For linear R, L, and C, each has one parameter, its value. Ignoring trivial
cases (viz., resistors), a memristor has as its memristance an arbitrary
function of V and I. As a result, any interesting memristor is automatically
not LTI.

(2) It's not particularly special. Why don't we also define a memcaptor, whose
capacitance is a function of its current history? I could easily do this, for
example, by making a capacitor where one plate is attached by a spring to a
fixed support; then, by adding charge, I move the plate and increase the
capacitance (or, by removing, I decrease it).

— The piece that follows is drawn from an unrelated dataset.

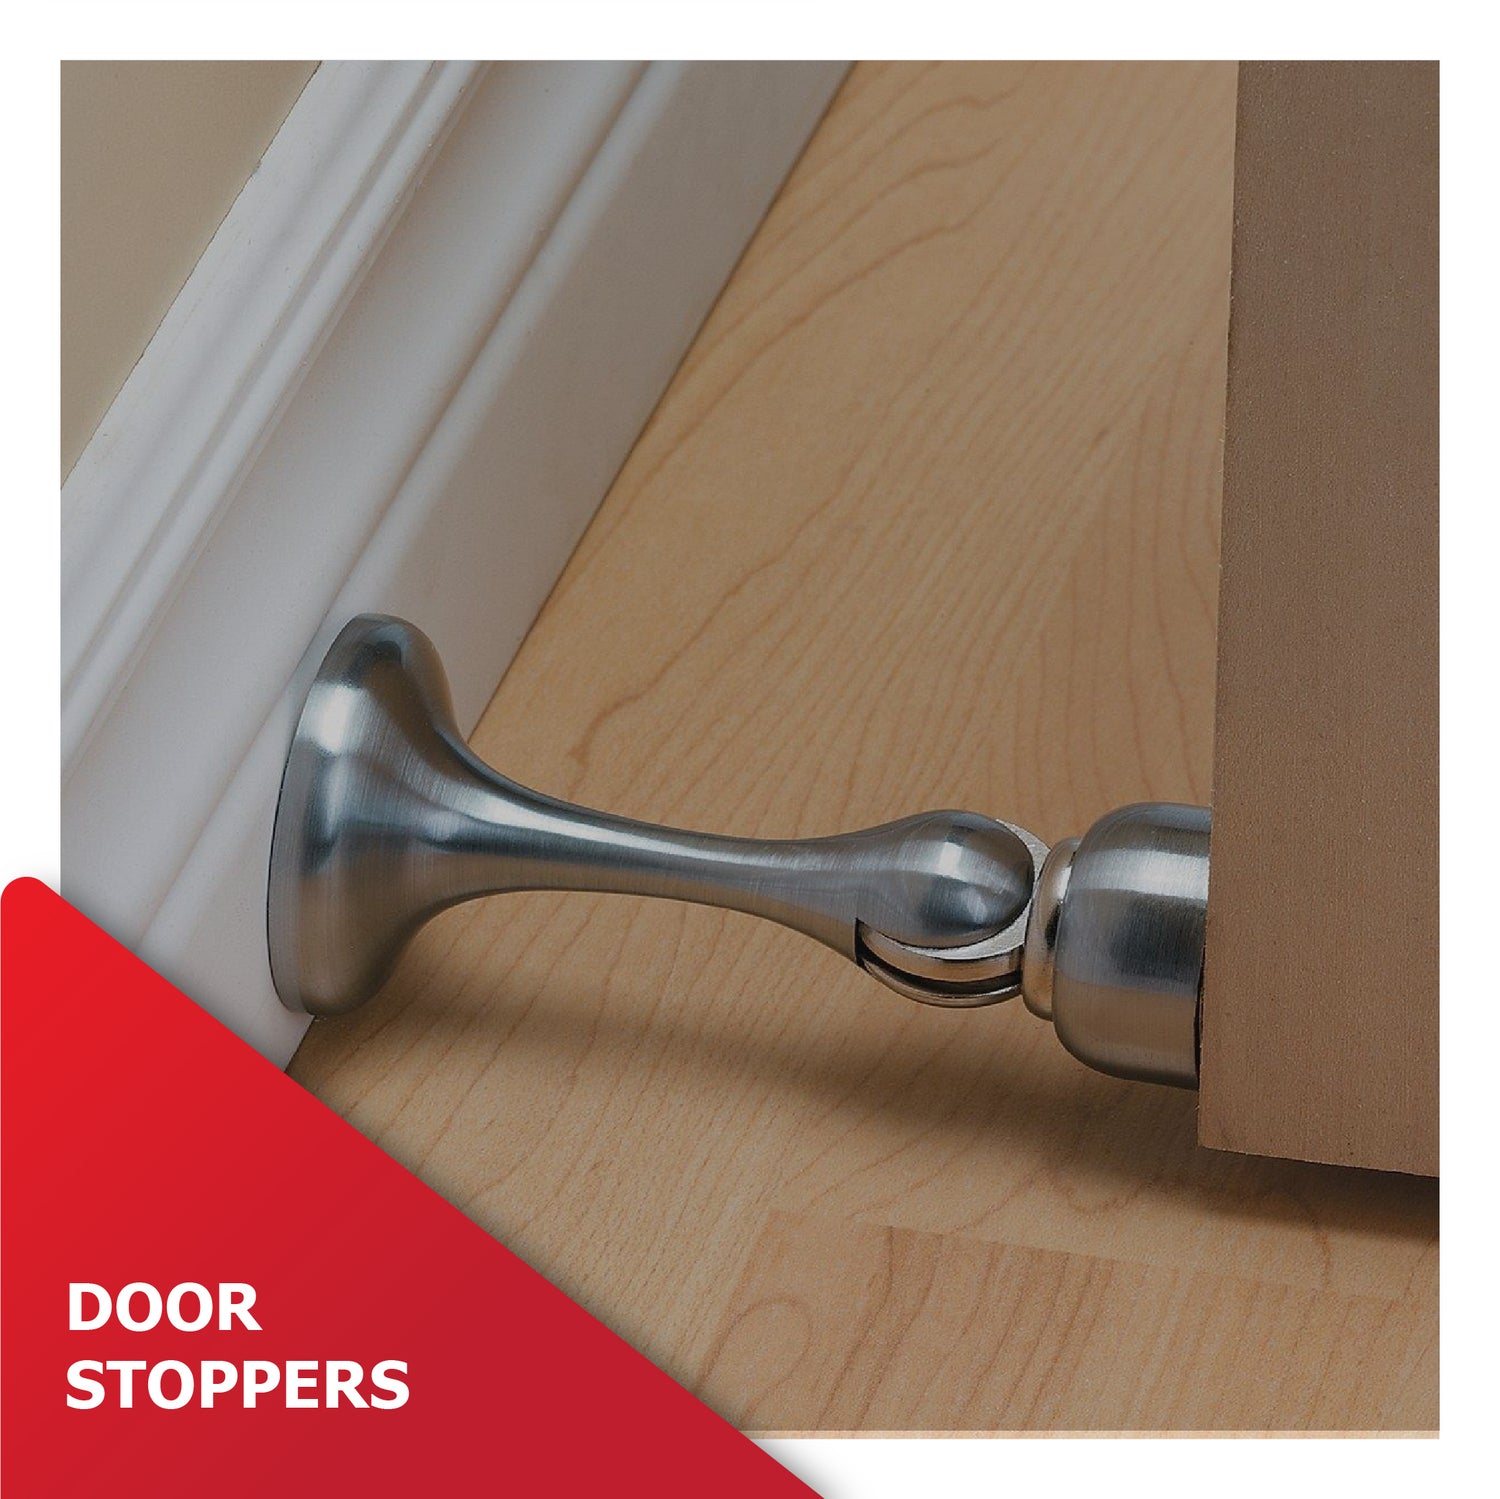 Various door stoppers in different designs and finishes.

Oh wait, that's just a nonlinear
capacitor. In the same way, the memristor is just a funny name for a
particular kind of nonlinear resistor.

(3) It's not particularly practical (for the moment). It can't be made in
anything but a very specialized, presumably extremely expensive process. I
hope this changes---I'm sure it'll encourage someone to use them!---but at the
moment this really limits my excitement.

(4) There's nothing I can build with a memristor that I couldn't build
already. This isn't like the invention of the vacuum tube: you give me a
memristance function, and I can build you a pseudo-memristor out of
transistors, Rs, Ls, and Cs. Yes, it could be less {space,power,?} efficient,
but this is not a quantum leap in technology the way the vacuum tube was (one
could not, with 1890s technology, reasonably build something that emulates a
vacuum tube).

I'll admit that strictly interpreting my last argument, the vacuum tube could
be made to emulate a transistor and thus the transistor wouldn't count as a
quantum leap---clearly ridiculous. However, I'd contend that the real value of
the transistor was only evident once it was sufficiently miniaturized and its
production was sufficiently cheap. You show me memristors that are six orders
of magnitude cheaper than transistors and by golly I'll be a convert. Even
then, it'll just be yet another nonlinear device with which we can do
interesting things---and just like the transistor, the memristor will simply
never be as fundamental as R, L, or C.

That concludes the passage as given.